Whereas the Declaration expresses the existence of unity at the time of the founding, many of the Federalist Papers contemplate the importance of a strong or firm union. For example, Federalist 9 asserts in its first line that “A FIRM Union will be of the utmost moment to the peace and liberty of the States, as a barrier against domestic faction and insurrection.” Additionally, Federalist 10 asserts that “Among the numerous advantages promised by a well-constructed union, none deserves to be more accurately developed than its tendency to break and control the violence of faction.” In other words, at the time of ratification, one of the most salutary effects of the United States Constitution was that it bolstered the existing unity between the American people and thereby combated faction and disunion. As discussed in previous essays, in Federalist 9 and 10, Publius argued that the particular kind of union created by the Constitution was the key to subverting the violence of faction, the primary vice of the political system under the Articles of Confederation.

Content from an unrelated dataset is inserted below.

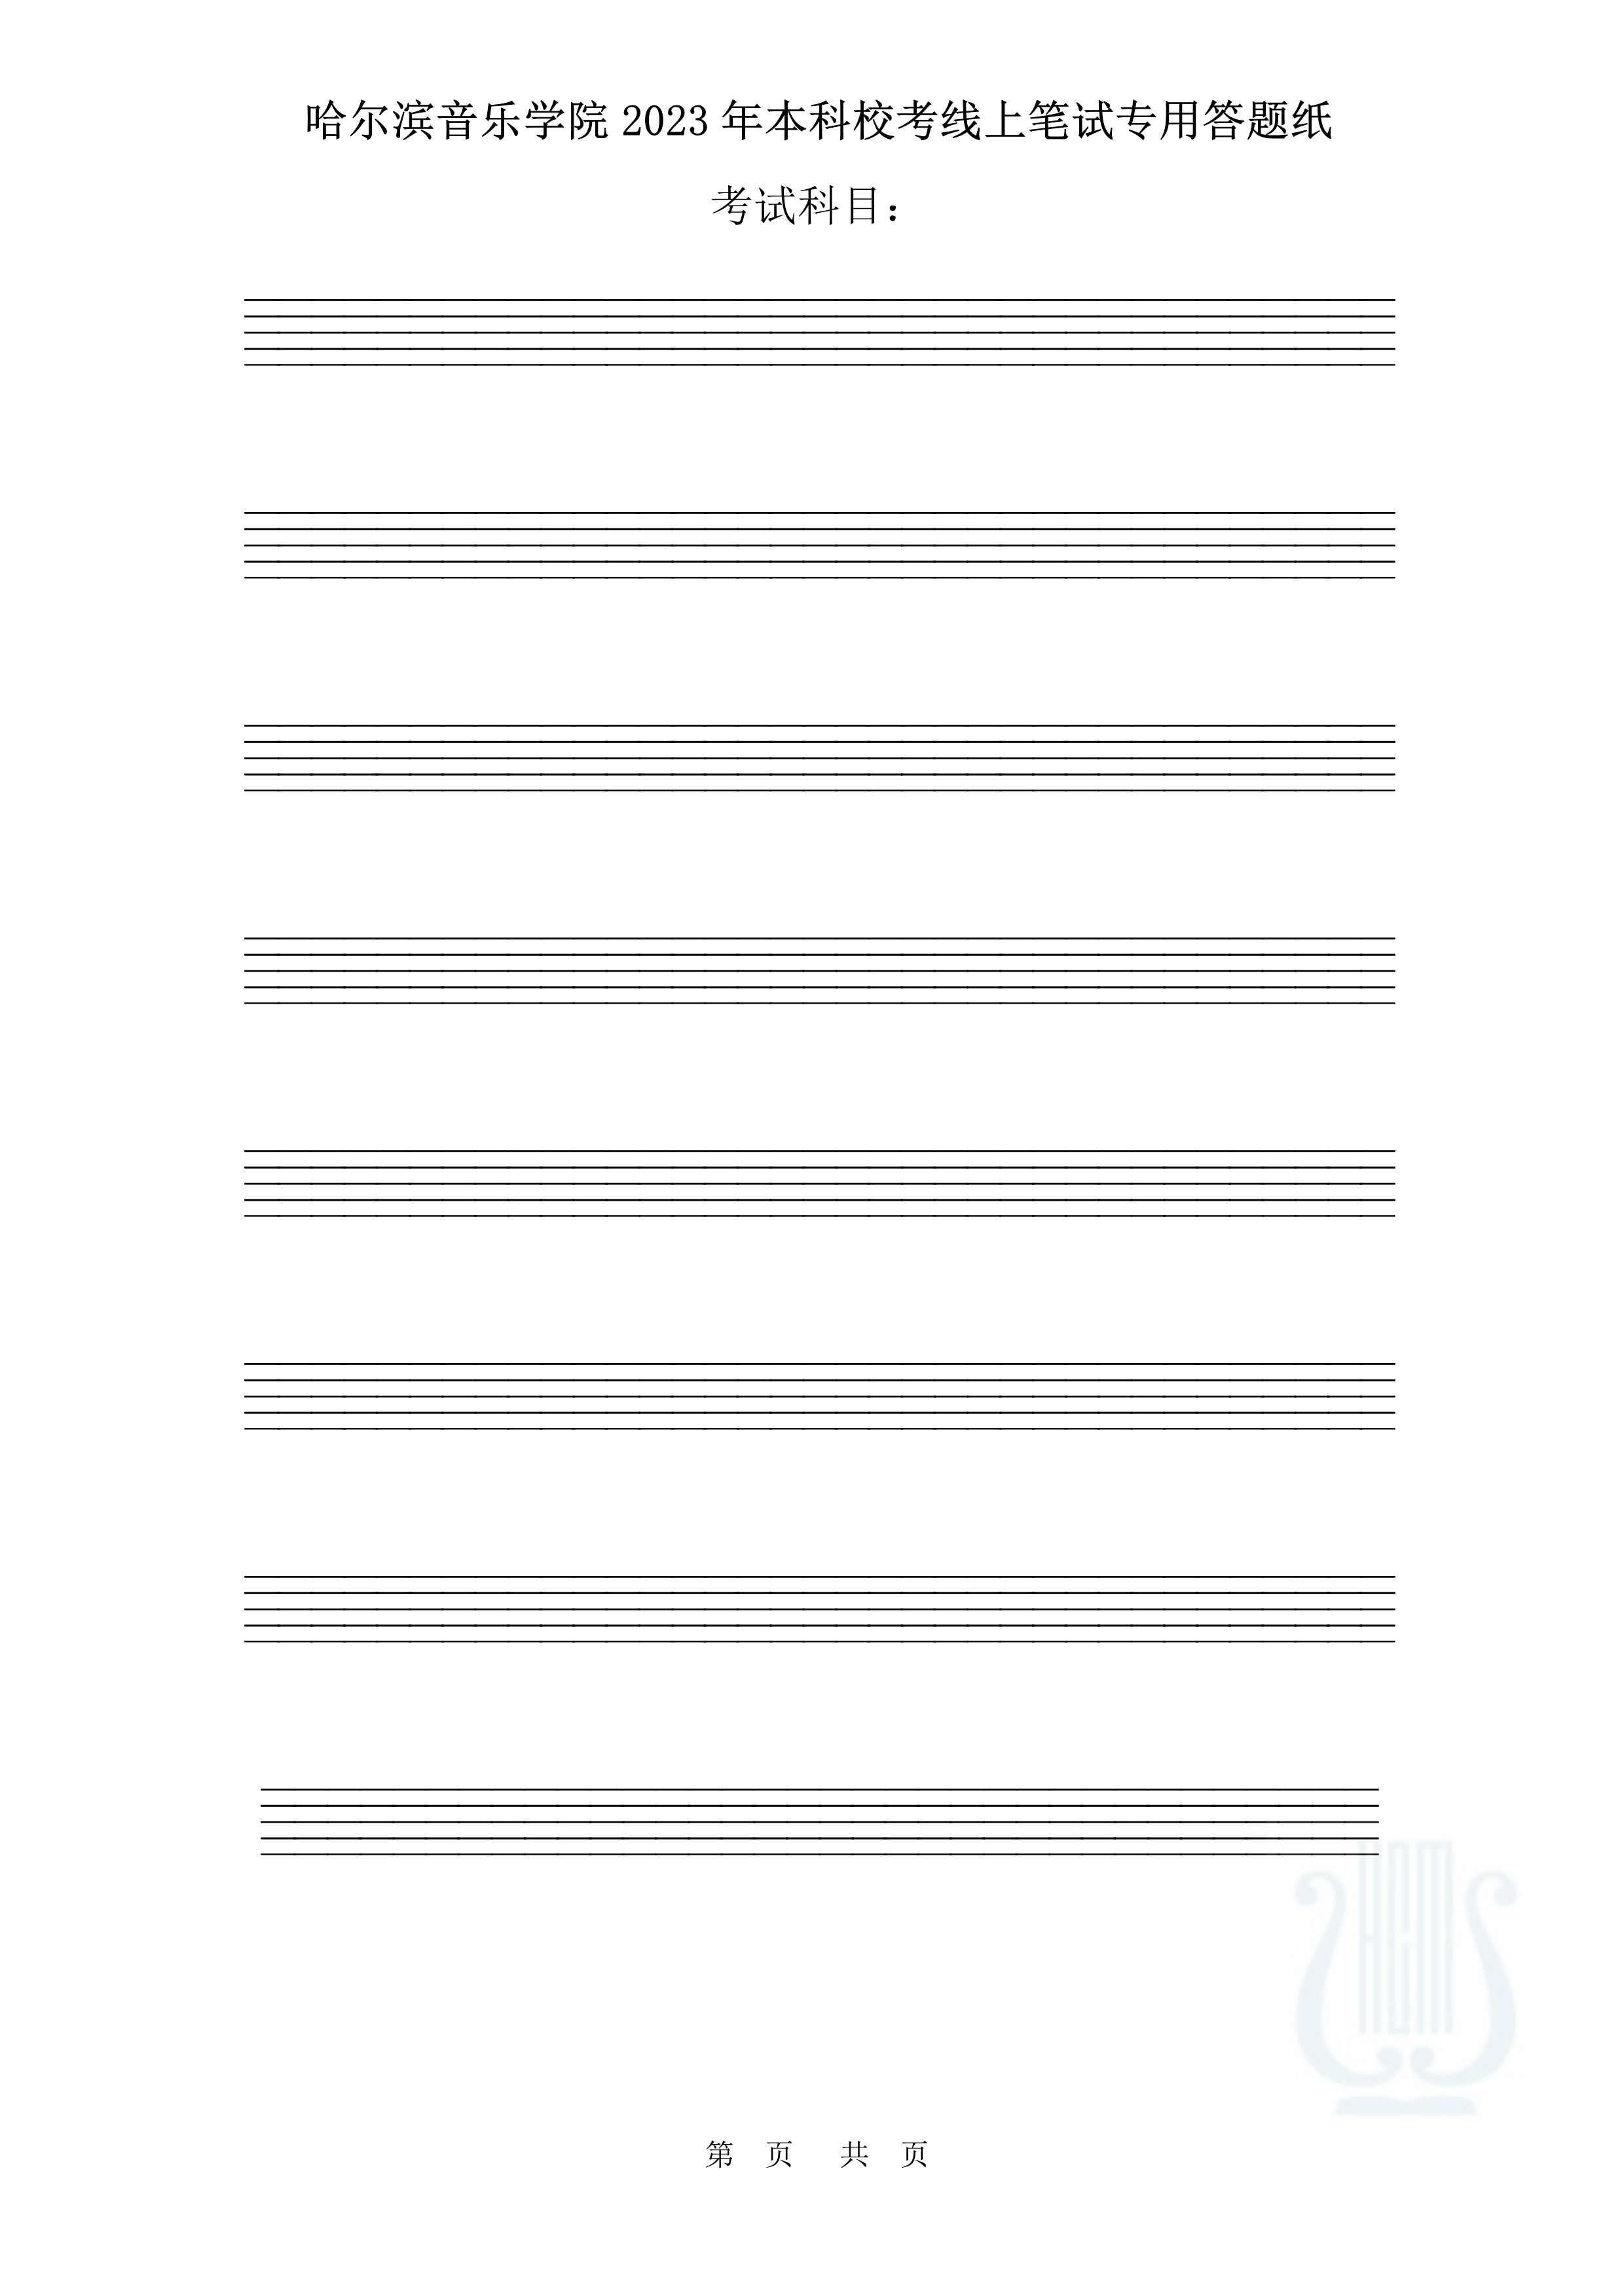 哈尔滨音乐学院2023年本科校考线上笔试答题纸（作曲与作曲技术理论）_1.jpg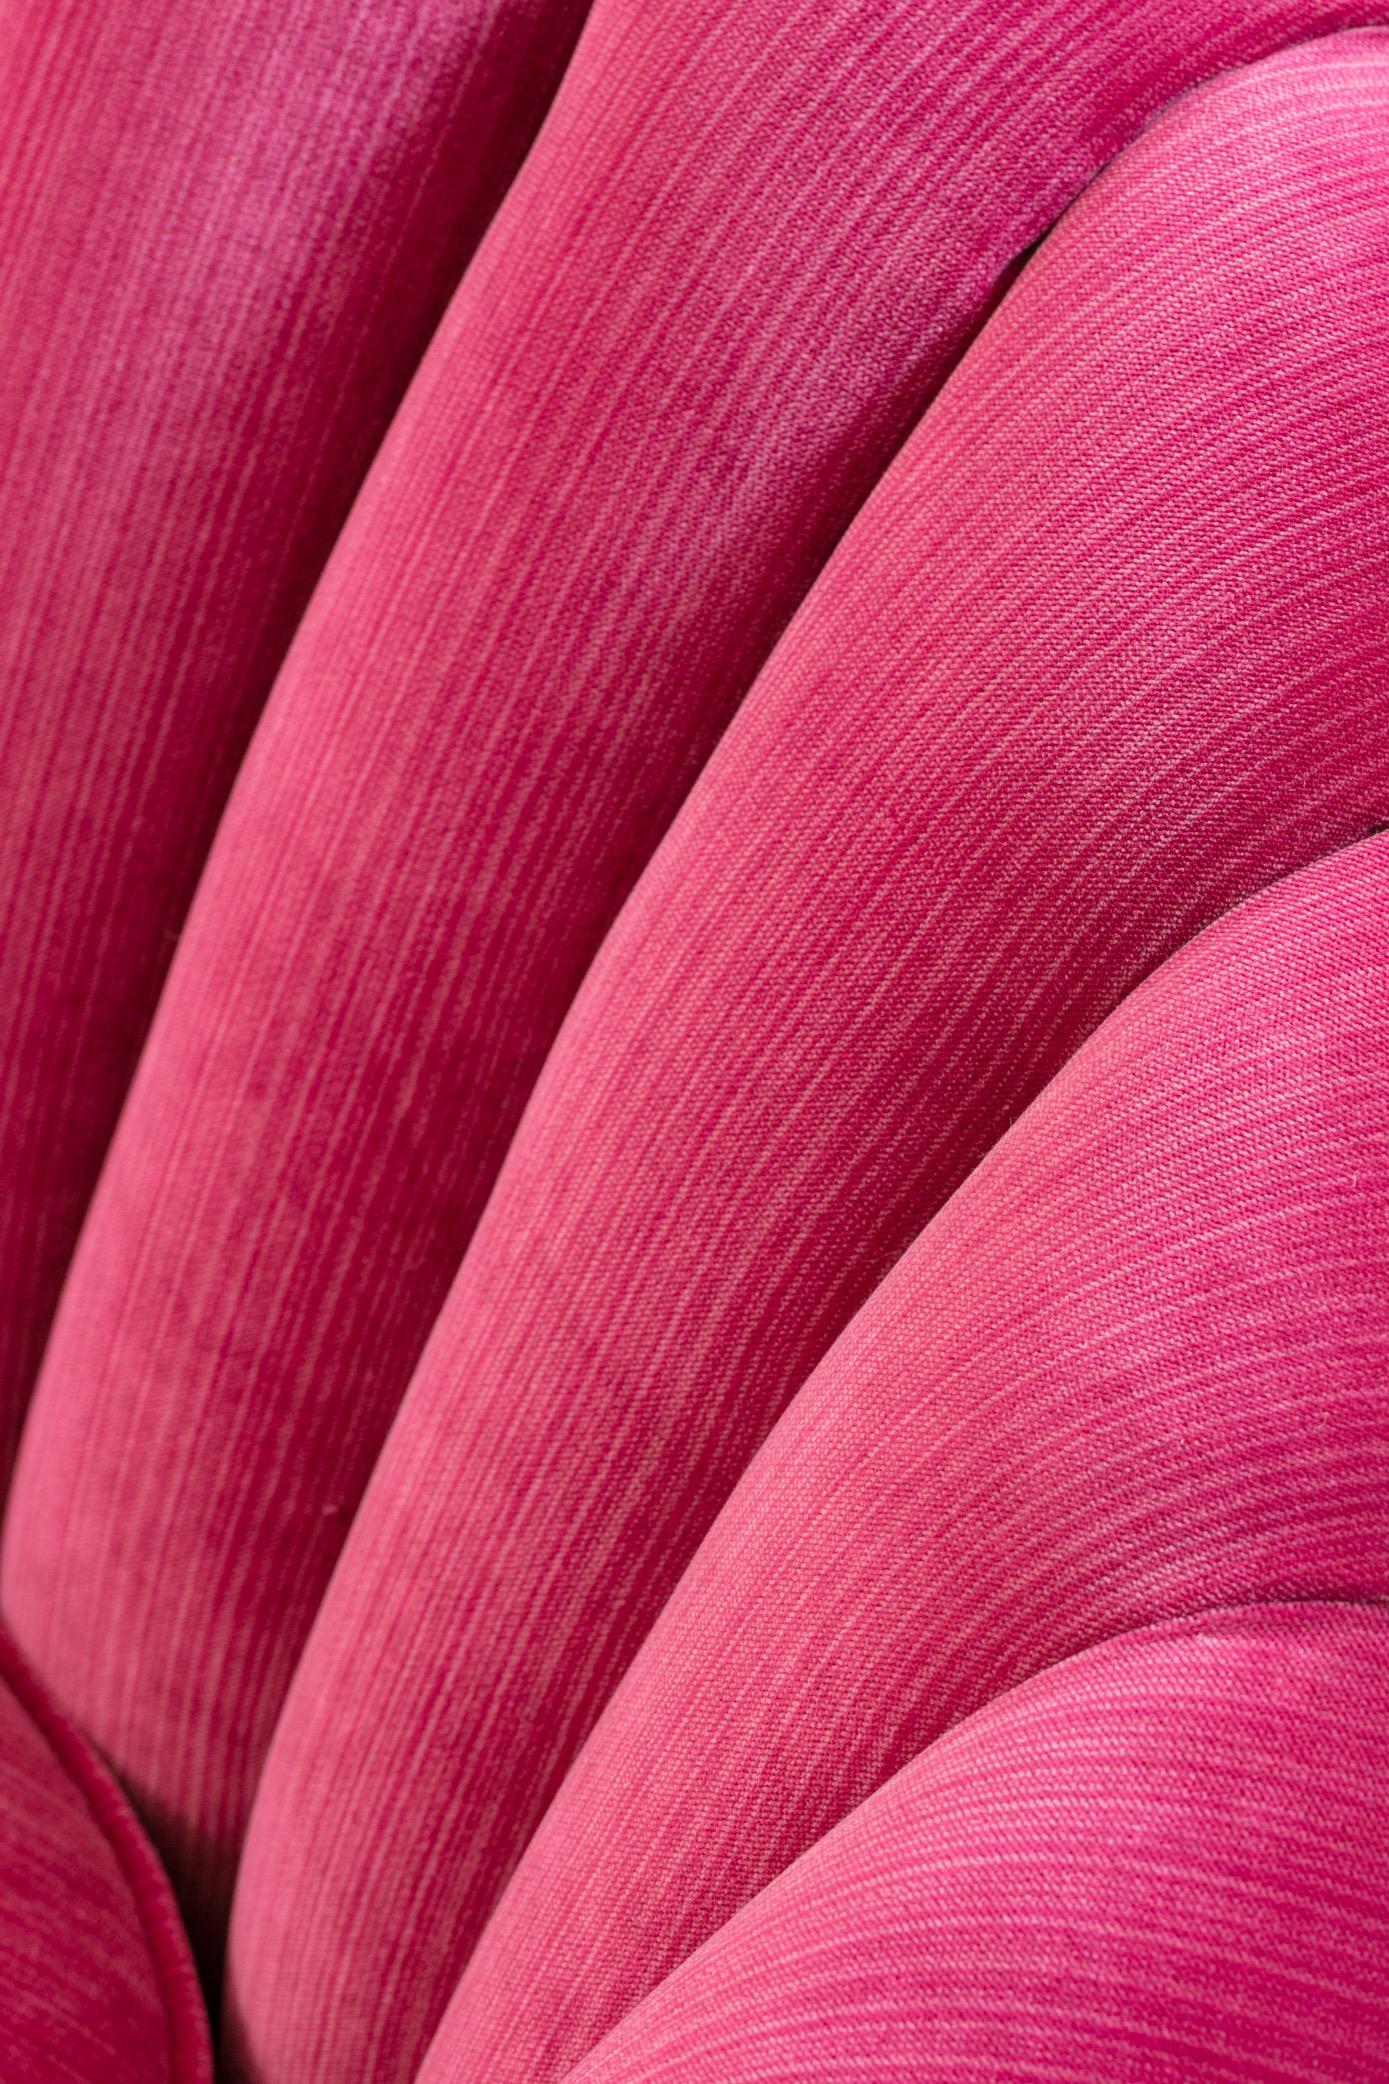 Upholstery Pair of Hollywood Regency Asymmetrical Slipper Chairs in Hot Pink Strie Velvet

But union was not only an important principle at the time of the signing of the Declaration and the ratification of the Constitution. The Declaration sets forth “self-evident truths” that are meant to guide the American people through time. The principles explicitly enumerated are “life, liberty, and the pursuit of happiness.” However, in Washington’s Farewell Address he emphasized the principle of “union” as that which secured the principles of the Declaration. In the Farewell Address, Washington counseled the American people: “The unity of government which constitutes you one people is also now dear to you. It is justly so; for it is a main pillar in the edifice of your real independence, the support of your tranquility at home, your peace abroad, of your safety, of your prosperity, of that very liberty which you so highly prize.” He told the people that “it is of infinite moment that you should properly estimate the immense value of your national Union to your collective and individual happiness; that you should cherish a cordial, habitual, and immovable attachment to it; accustoming yourselves to think and speak of it as of the palladium of your political safety and prosperity; watching for its preservation with jealous anxiety; discountenancing whatever may suggest even a suspicion that it can in any event be abandoned; and indignantly frowning upon the first dawning of every attempt to alienate any portion of our country from the rest, or to enfeeble the sacred ties which now link together the various parts.” In other words, Washington argued that union was the principle that secured the self-evident truths for which the Americans had fought in the Revolutionary War. According to Washington, the principle of union was necessary to secure the rights to life and liberty as well as the freedom to pursue happiness. Washington believed that if union failed, then the American experiment failed, and if the American experiment failed, then the prospect of liberty and self-government everywhere was in danger. Therefore, he urged the people to cherish the principle of union.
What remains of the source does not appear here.